Instructions for the task → Any picture must be dropped, but each line of the data should be duplicated exactly.

Material provided →

--- START ---

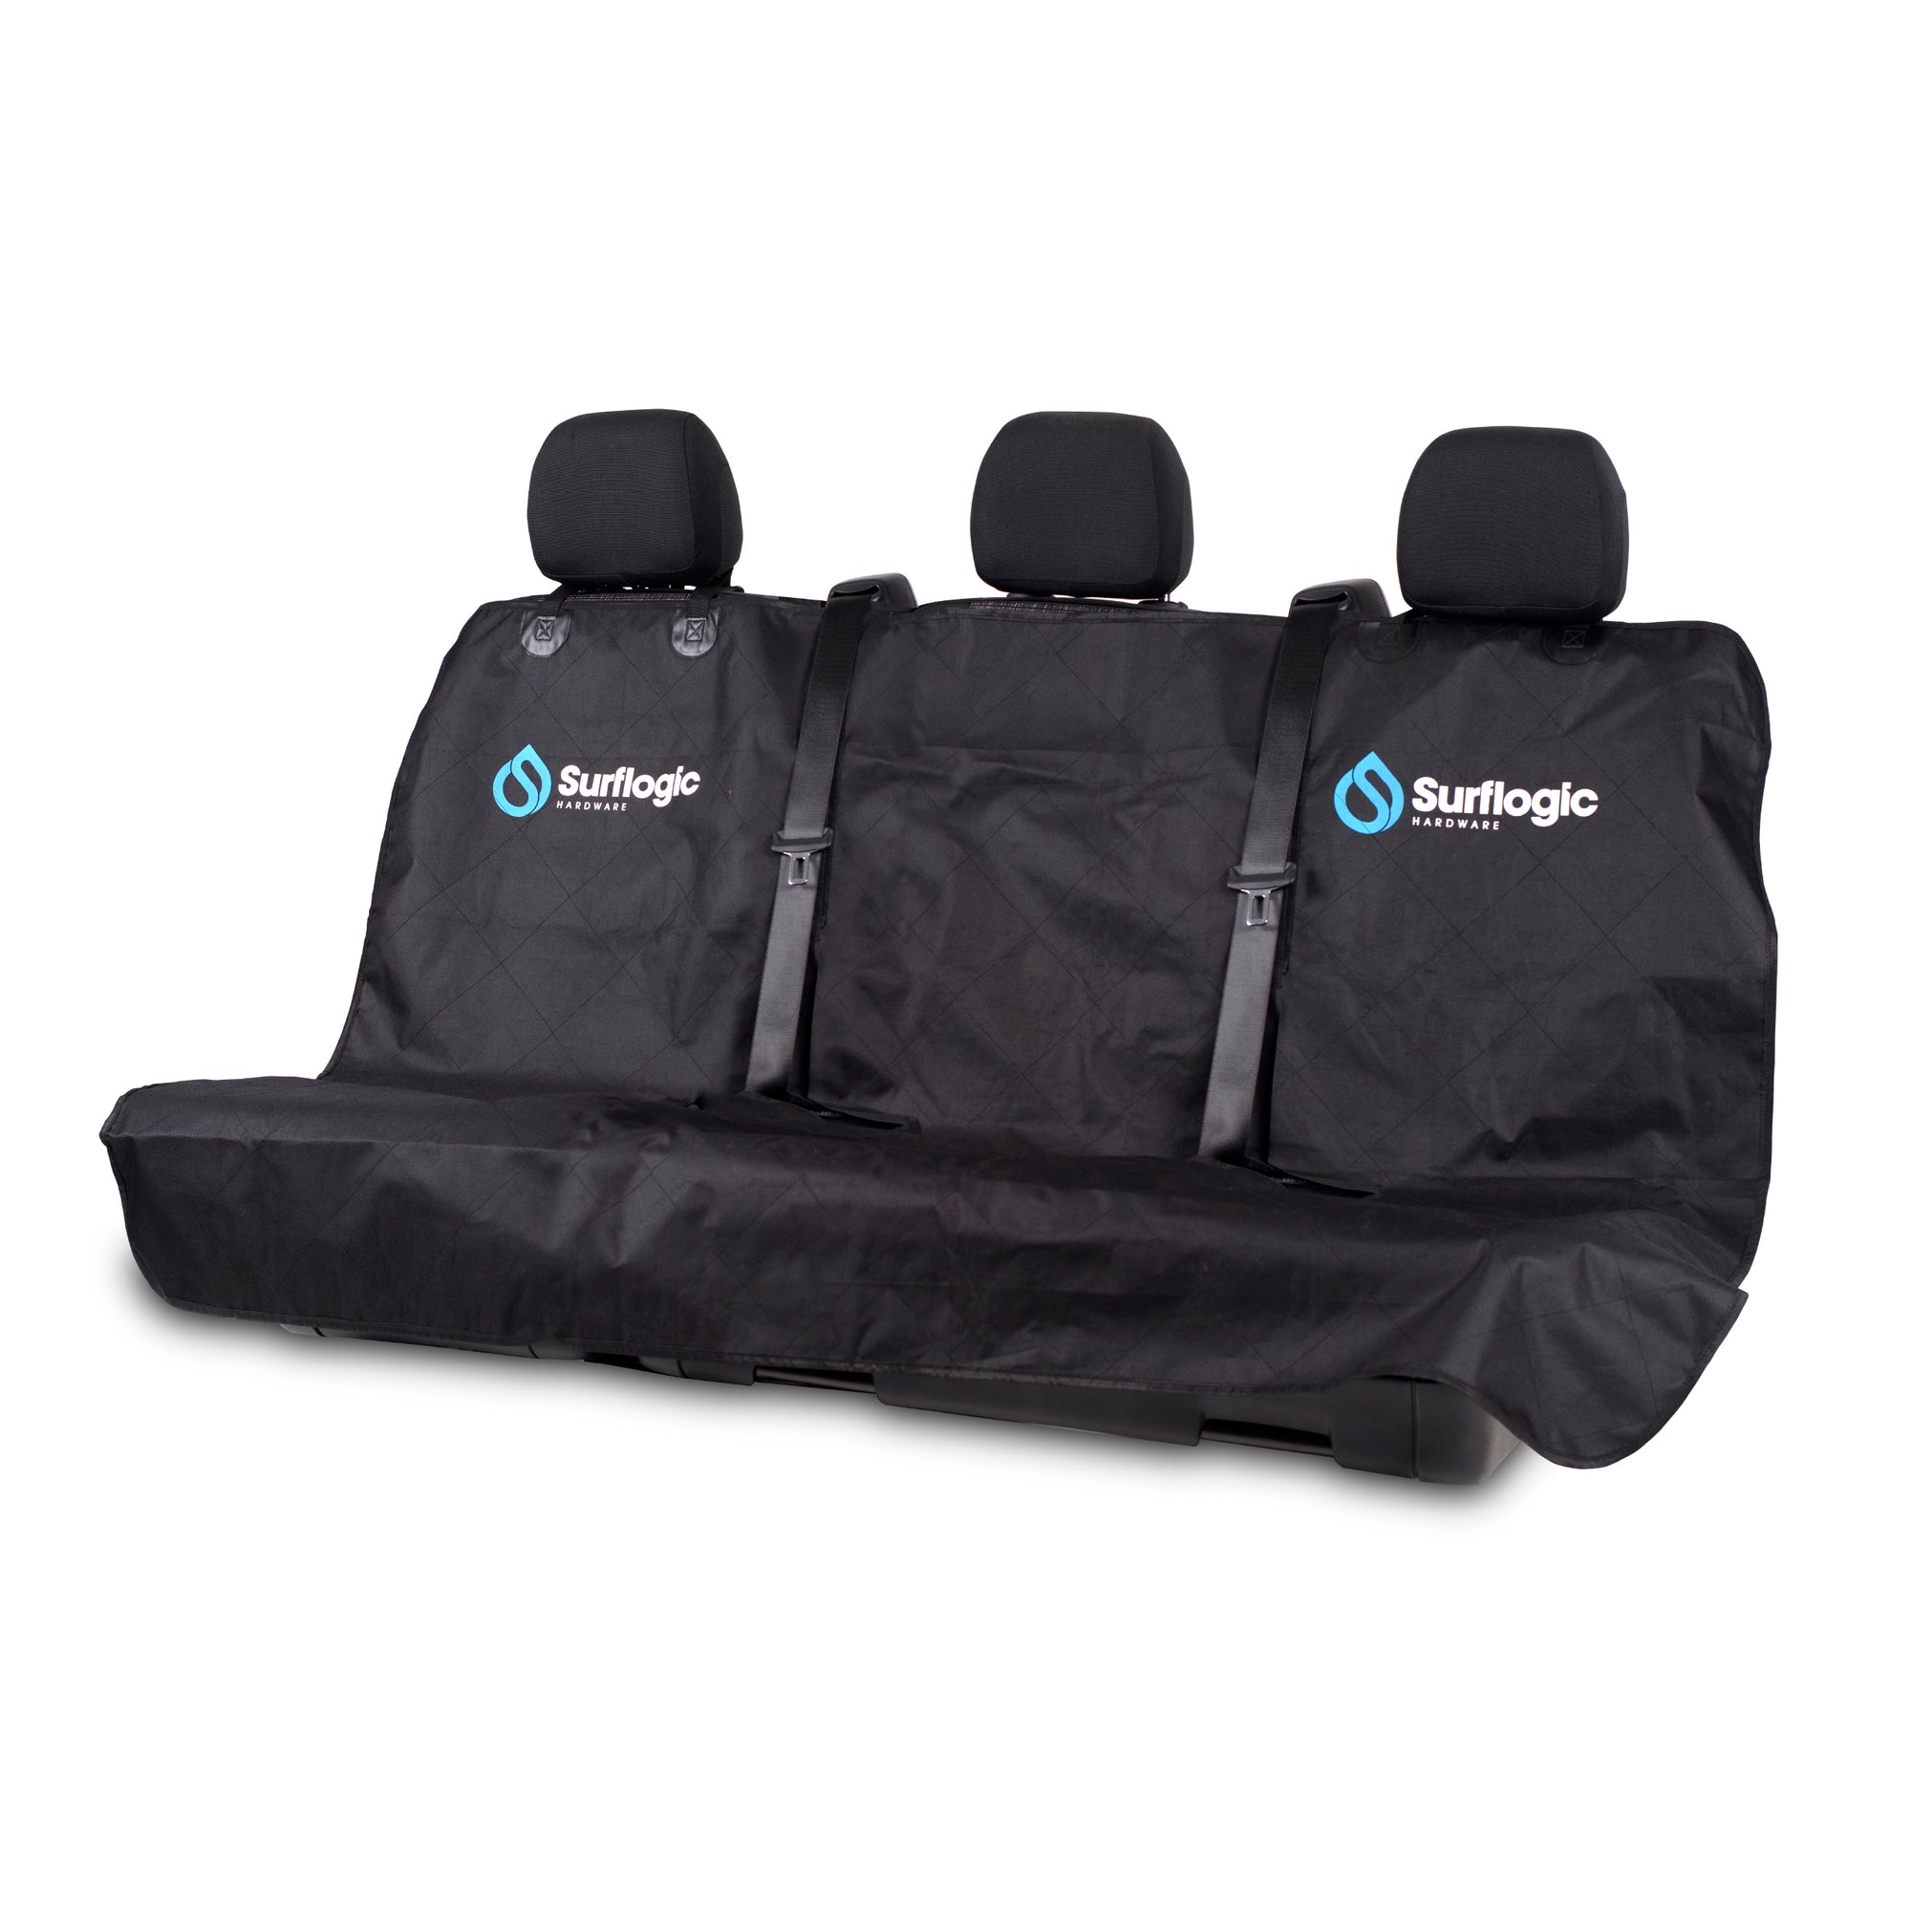 Surflogic Triple Universal Car Seat Cover
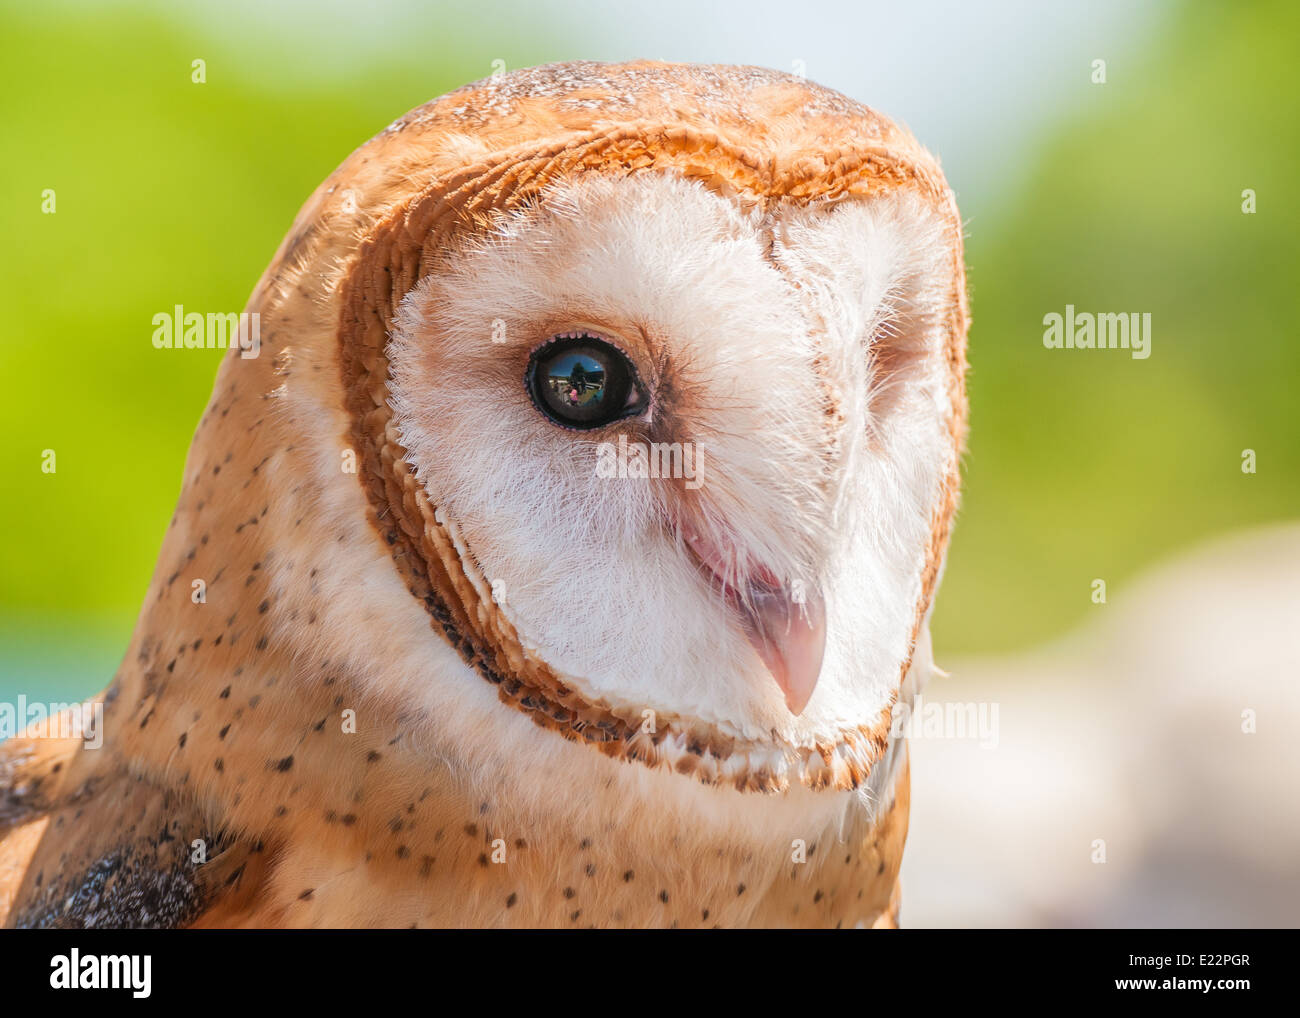 Barn Owl closeup headshot looking right. Stock Photo
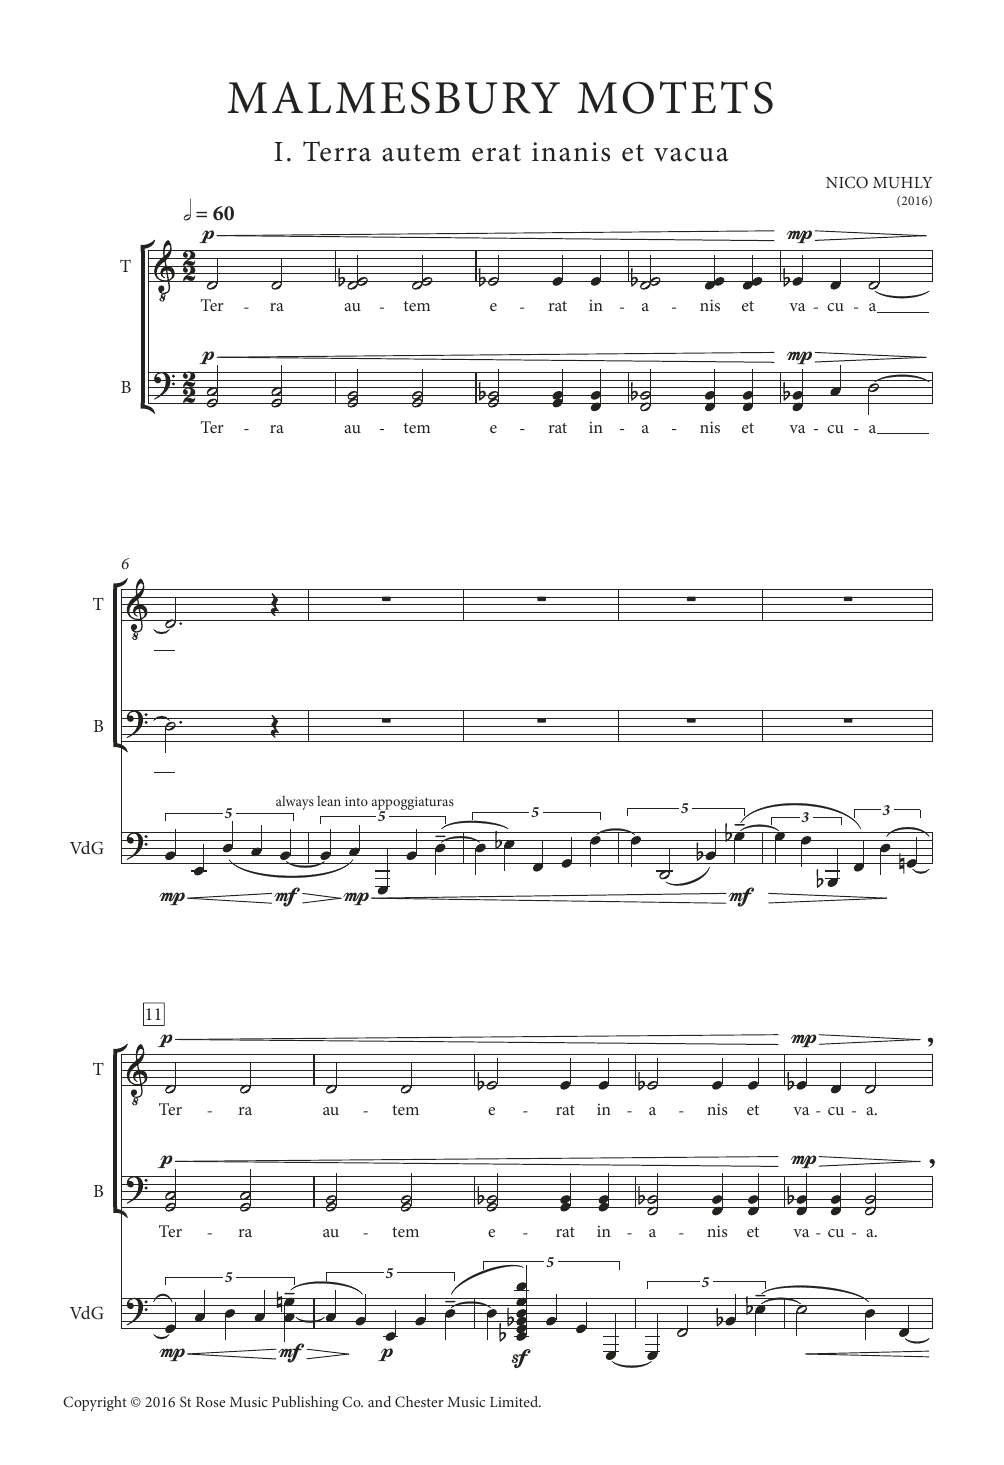 Nico Muhly Malmesbury Motets Sheet Music Notes & Chords for SATB - Download or Print PDF
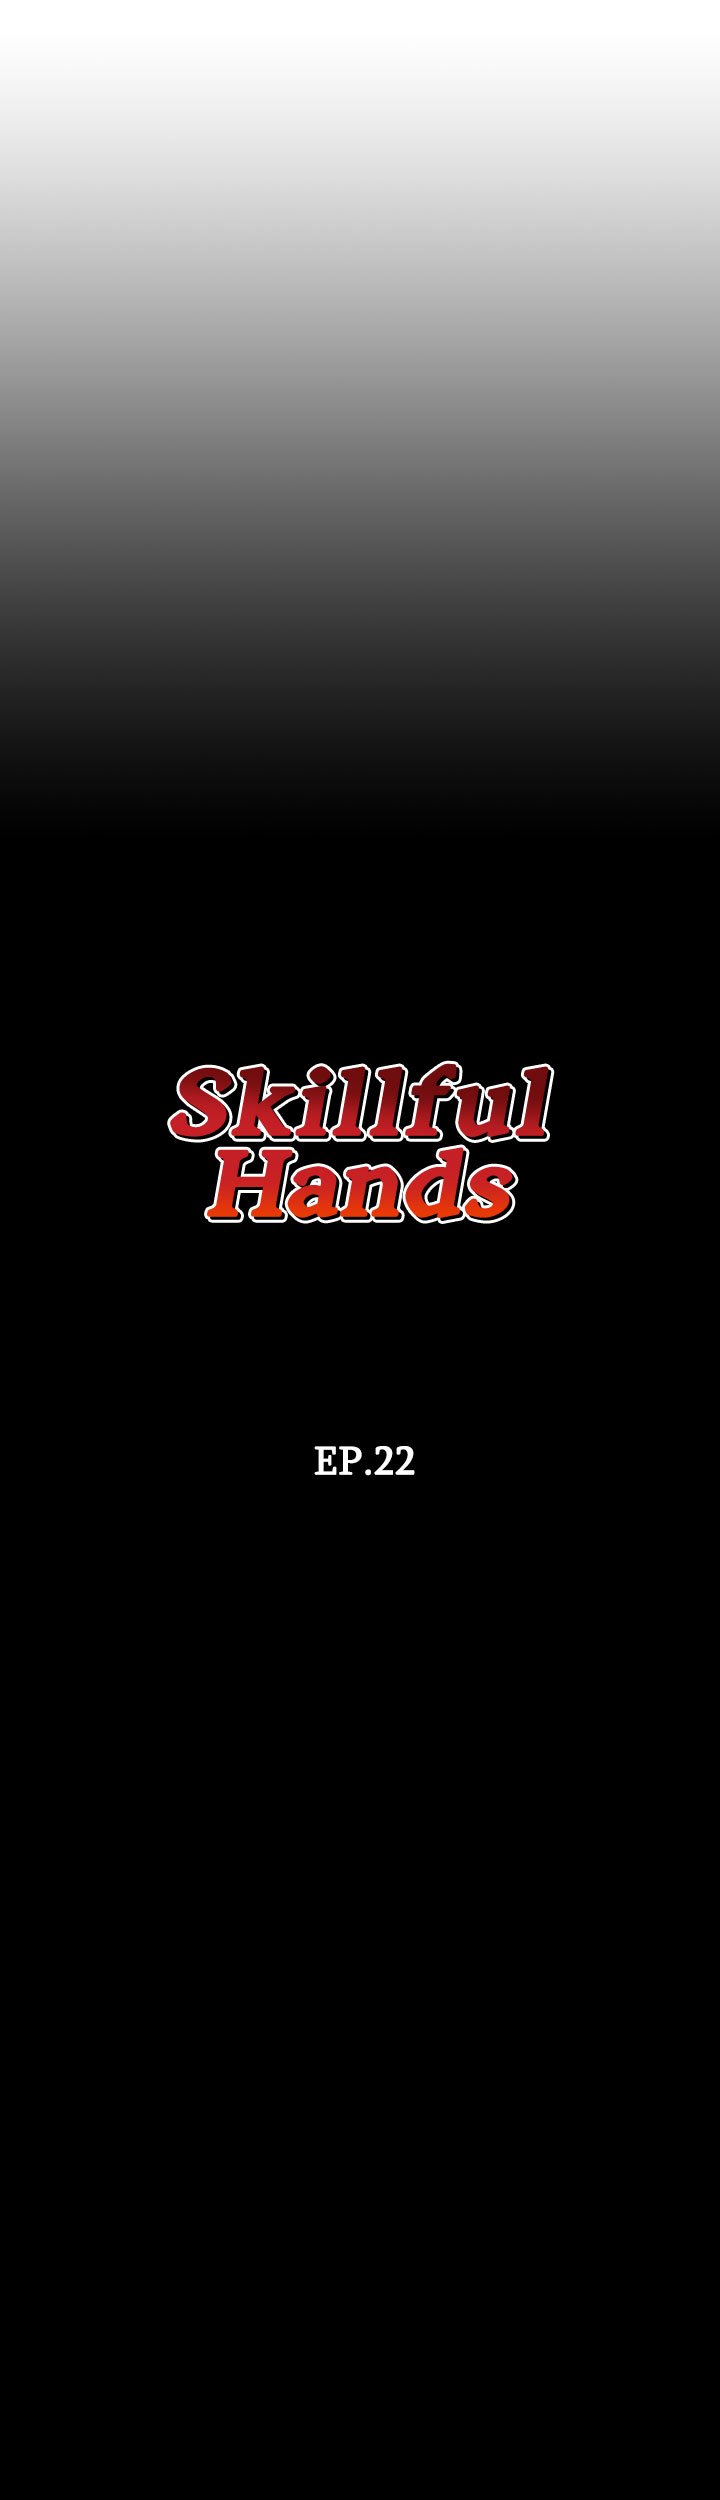 Skillful Hands image

--- END ---

Response to the exercise →
 Surflogic Triple Universal Car Seat Cover
 Barn Owl closeup headshot looking right. Stock Photo
 Nico Muhly Malmesbury Motets Sheet Music Notes & Chords for SATB - Download or Print PDF
 Skillful Hands image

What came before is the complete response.